EXERCISE DETAILS: Return all of the data verbatim, dropping any picture.

SOURCE MATERIAL:
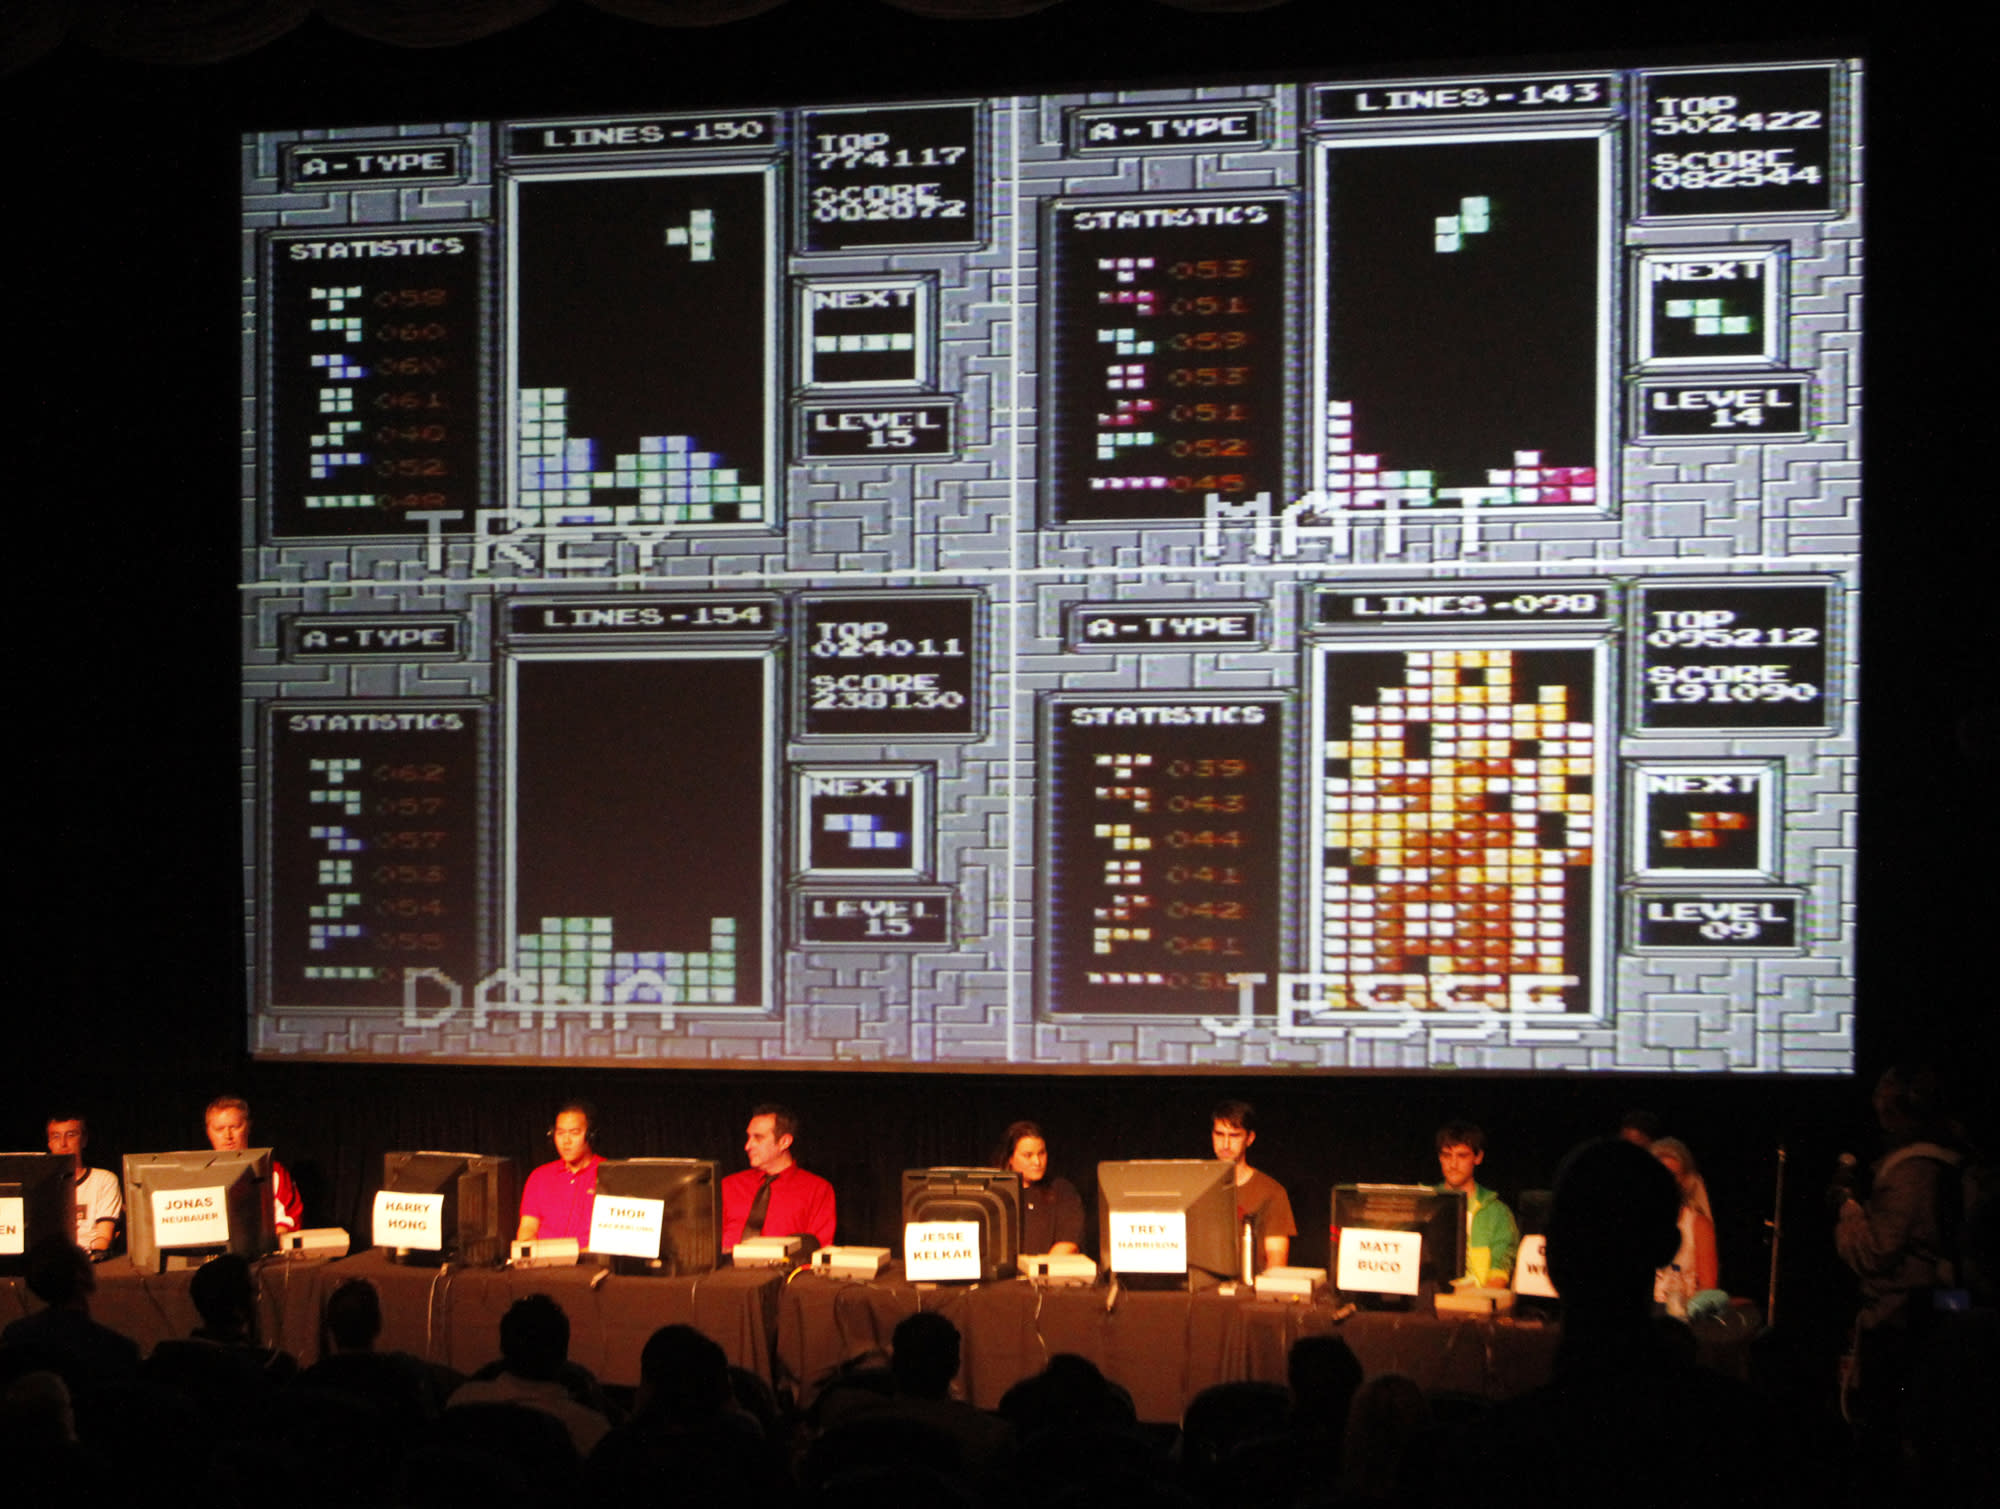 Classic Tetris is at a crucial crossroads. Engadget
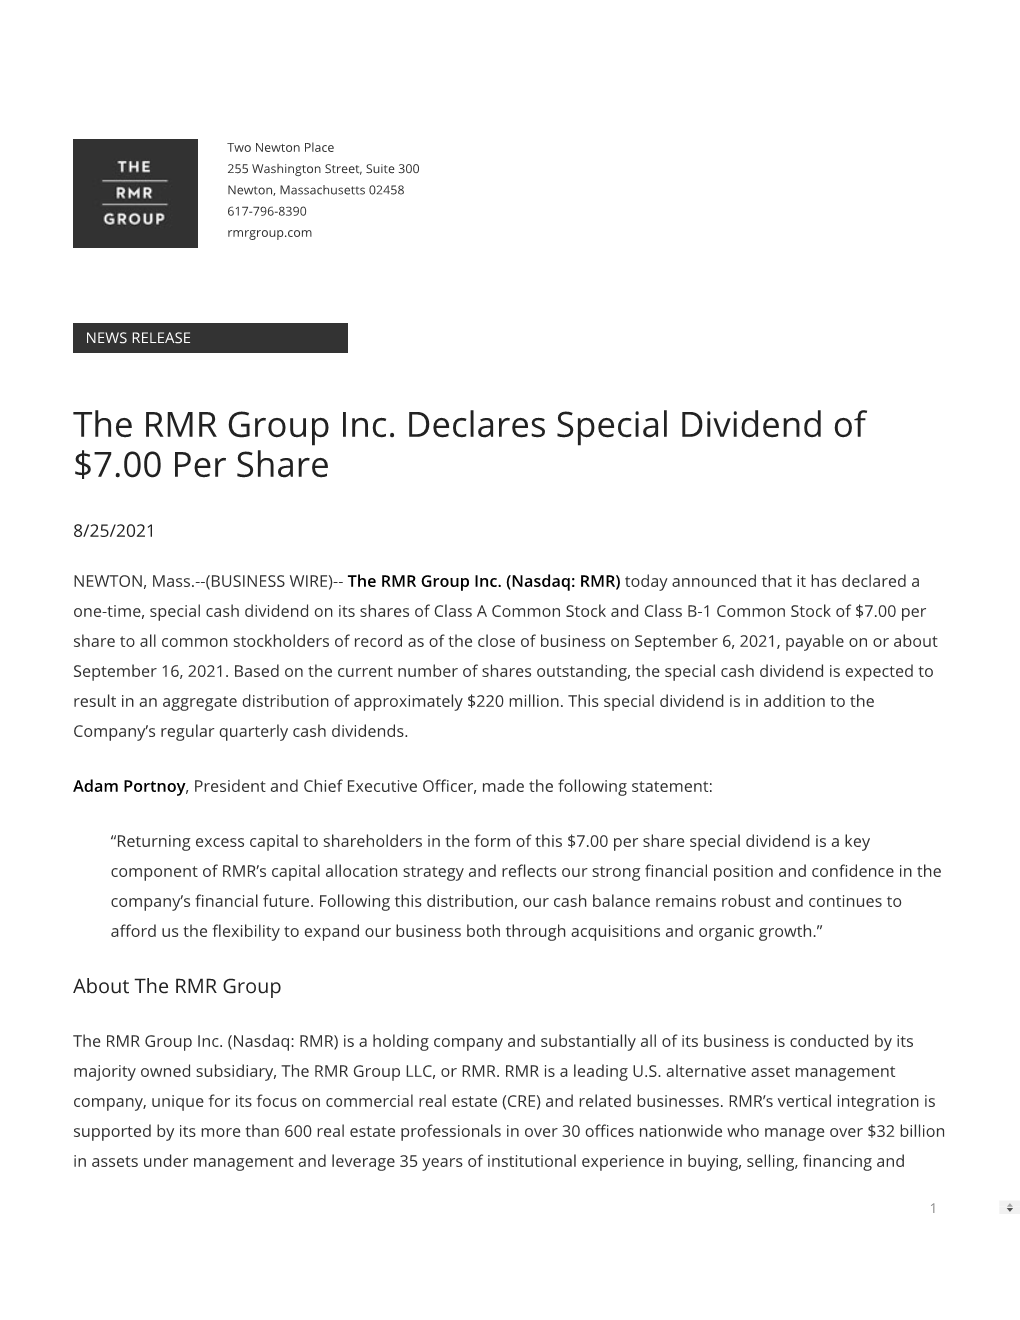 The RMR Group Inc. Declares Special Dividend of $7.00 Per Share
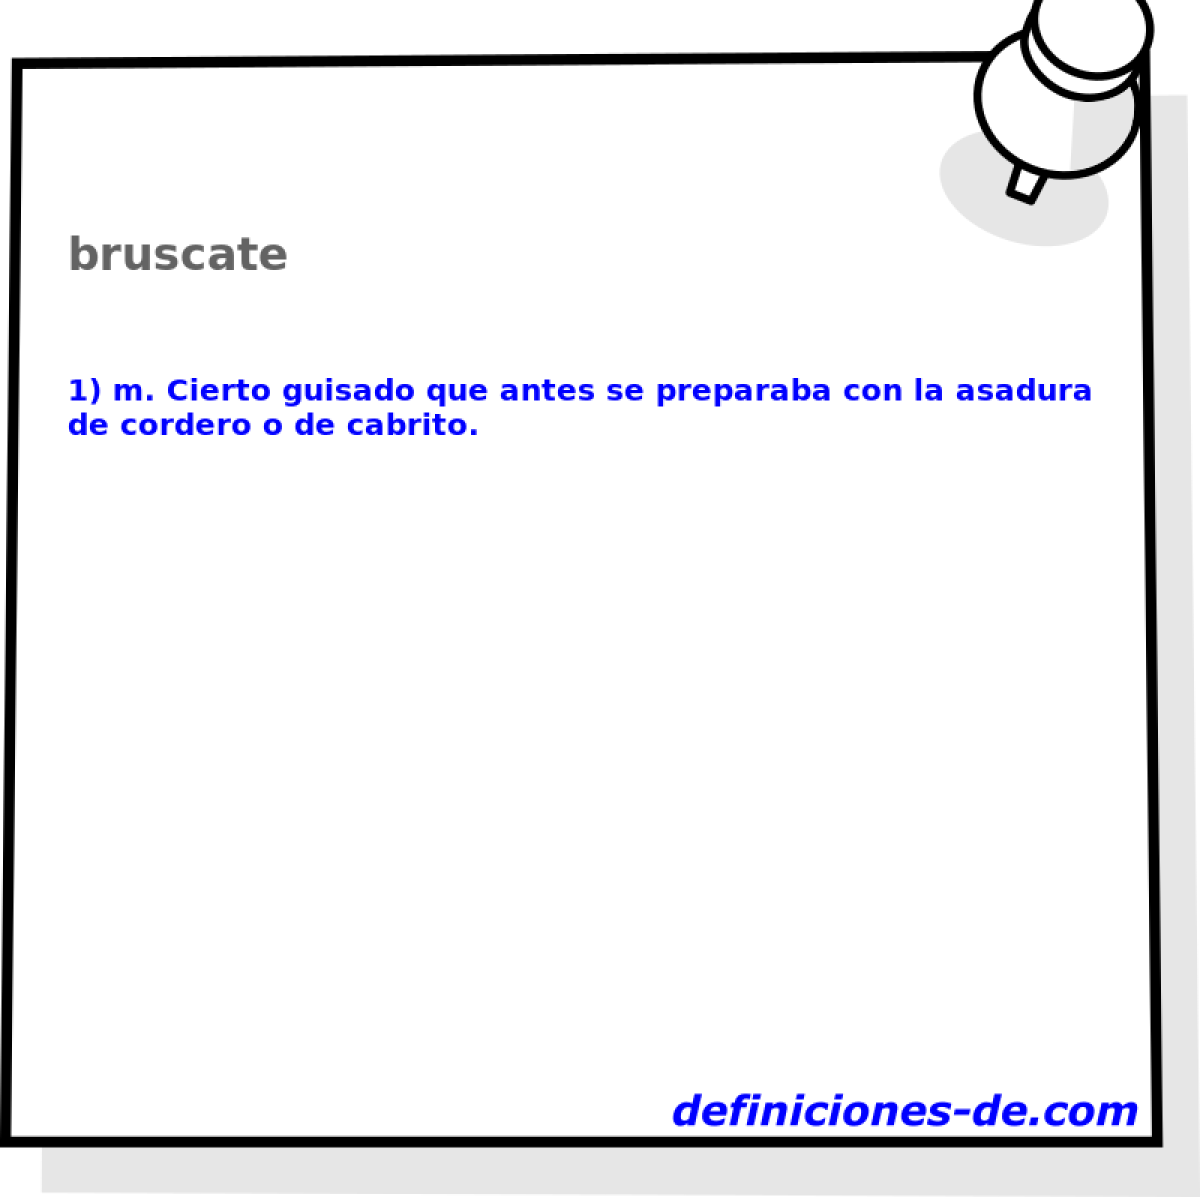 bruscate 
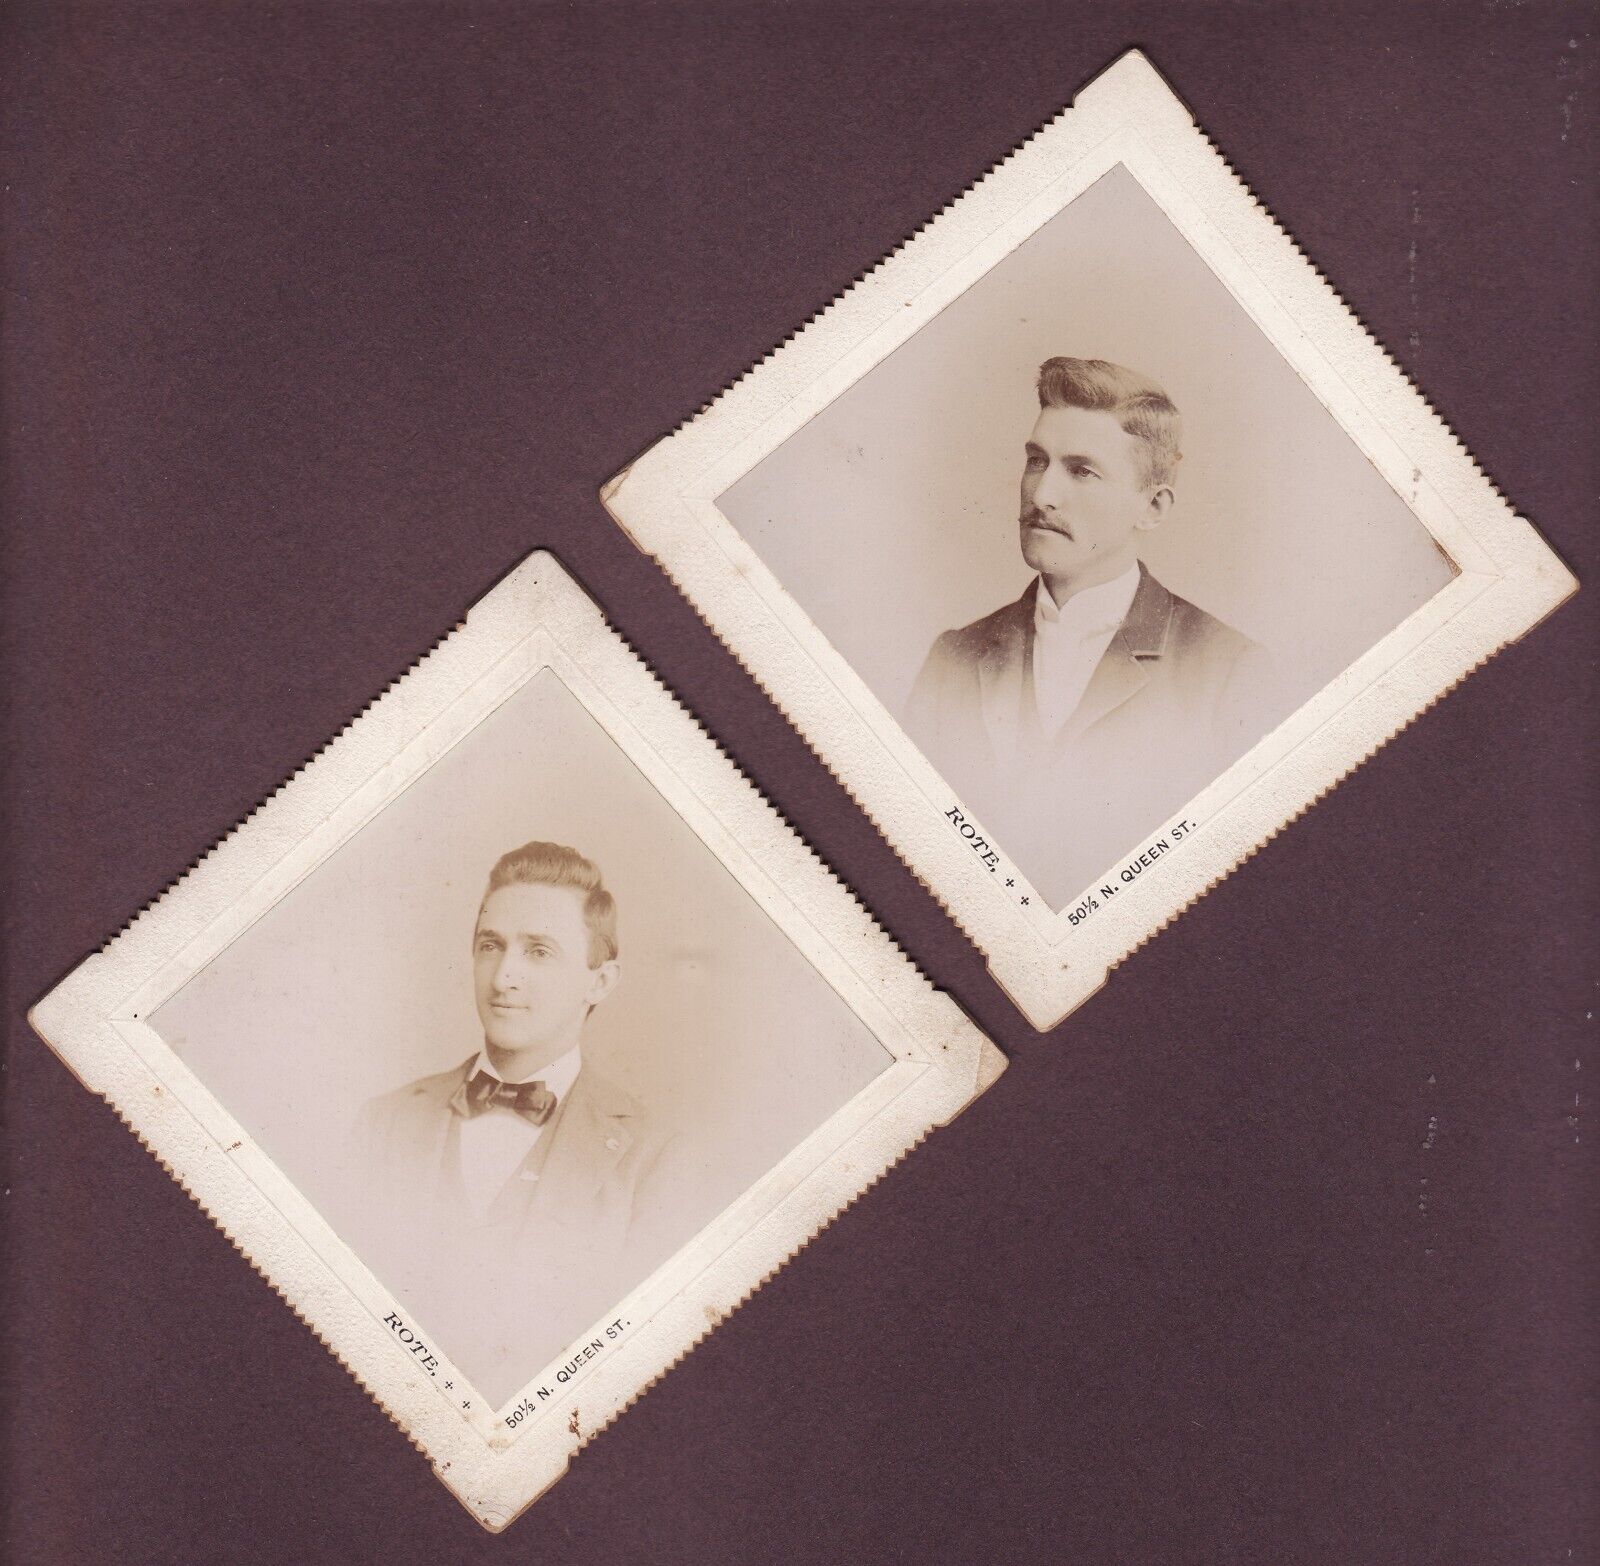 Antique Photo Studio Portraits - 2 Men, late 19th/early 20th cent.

ANSWER BOX:
 Classic Tetris is at a crucial crossroads. Engadget
 The RMR Group Inc. Declares Special Dividend of $7.00 Per Share
 bruscate 
 Antique Photo Studio Portraits - 2 Men, late 19th/early 20th cent.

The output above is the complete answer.